Miami alleges that the two banks violated the Fair Housing Act by targeting blacks and Latinos with predatory home loans.
In addition, the city claims that BofA and Wells Fargo induced defaults by failing to extend refinancings and loan modifications to minority borrowers on fair terms — leading to
excessive foreclosures and vacant homes in minority neighborhoods.
The complaints were dismissed by the district court in 2014.
Miami appealed, and in September 2015 the dismissals were reversed.
Then, in June 2016,
the Supreme Court agreed to hear the case.
On Monday, the Supreme Court decided the case in favor of Miami.
“The FHA defines an ‘aggrieved person’ as ‘any person who’ either ‘claims to have been injured by a discriminatory housing practice’ or believes that such an injury ‘is about to occur,’ (8 U.S.C. §3602(i)),” the decision states. “This court has said that the definition of ‘person aggrieved’ in the original version of the FHA ‘showed ‘a congressional intention to define standing as broadly as is permitted by Article III of the Constitution,’ (Trafficante v. Metropolitan Life Ins. Co., 409 U. S. 205, 209); and has held that the act permits suit by parties similarly situated to the city.”

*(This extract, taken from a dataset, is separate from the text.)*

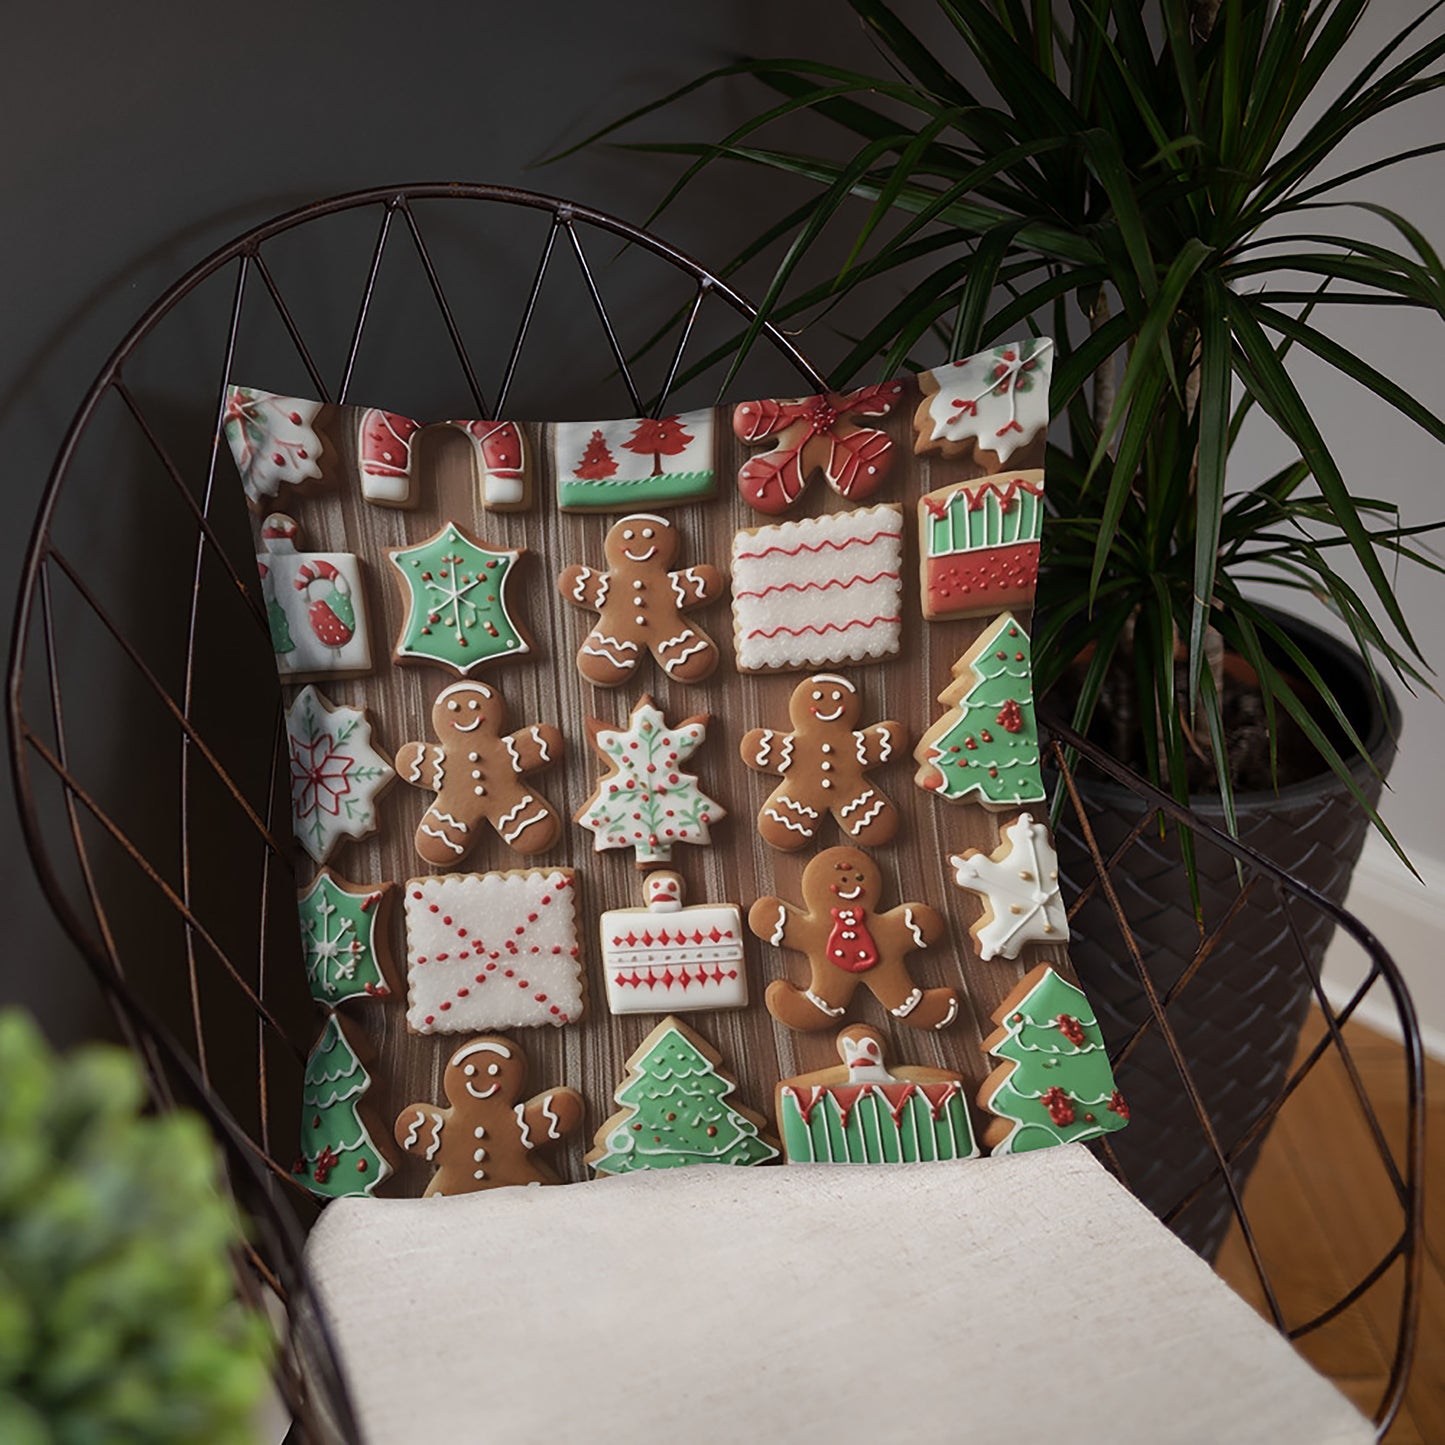 Christmas Throw Pillow Festive Frosted Cookie Delight Polyester Decorative Cushion 18x18

The court concluded that Miami’s financial injuries fall within the zone of interests that the FHA protects.
The district court’s decision was vacated, and the case was remanded for the lower courts to “define, in the first instance, the contours of proximate cause under the FHA and decide how that standard applies to the city’s claims for lost property-tax revenue and increased municipal expenses.”
Newly appointed Supreme Court Justice Neil Gorsuch took no part
in the consideration or decision of the cases.